Fig 7 10-year survival plot of those patients with ALL transplanted in Belfast in both CR1 and CR2

Chronic Myeloid Leukaemia and Aplastic Anaemia Due to small numbers within these subgroups, comparisons with international data were felt to be unreliable and therefore not performed.

Fig 8 Cause of death following allogeneic transplant in Belfast

Since the introduction of transplant, relapse and non-relapse mortality have made a significant impact on overall survival rates¹². The majority of deaths have been found to be related to toxicity from the conditioning regime, infections, GvHD and disease relapse¹². This has led to major progress in supportive care, immunosuppression and infection management during the transplant period¹². During the pancytopenic phase many units (including Belfast) nurse patients in single rooms using clean air systems. The use of prophylactic anti-fungals and anti-virals is also well recognised⁷. Advances in diagnostic techniques have led to improved recognition of infective organisms, with superior broad-spectrum antibiotics enhancing survival¹².
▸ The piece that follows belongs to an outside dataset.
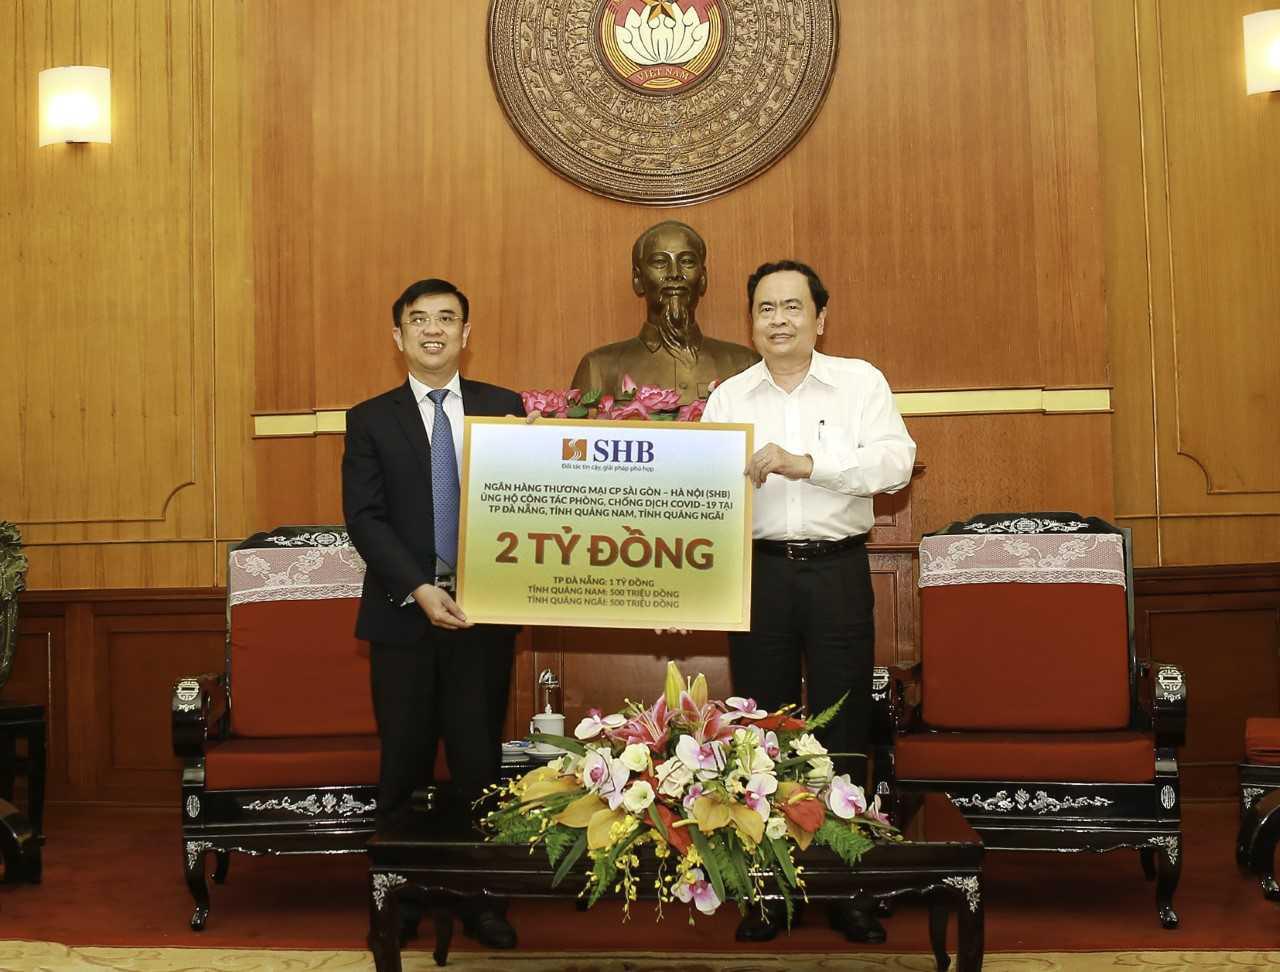 Các doanh nghiệp của bầu Hiển ủng hộ 6,1 tỷ đồng cho Đà nẵng, Quảng Nam và Quảng Ngãi chống Covid-19 - Ảnh 1.

As a result of the improving management of these patients, death from infection has reduced significantly over time¹² (fig. 9). Mortality from infection can be seen to be decreasing over time, however, the ongoing risk of death from GVHD and disease relapse remains a significant challenge to haematologists (fig. 9).

Fig 9 Cause of death following transplant in Belfast

The data collected from patients in our unit highlights the success of transplantation in Belfast. In terms of morbidity, mortality and survival, results are comparable to those in international and European records.

Over the past 20 years advances have been made in both the transplant procedure and post transplant care leading to improvements in survival which are set to continue. With the new era of reduced intensity allografts the opportunities for those older patients previously unsuitable for transplant are encouraging.

As a successful transplant unit, we look forward to continued advances in the management of patients with life threatening haematological conditions and ever improving survival rates.

the authors would like to thank Dr Mary Horowitz of the CIBMTR for approval to incorporate both their illustrations and statistics within this article.

The authors have no conflict of interest.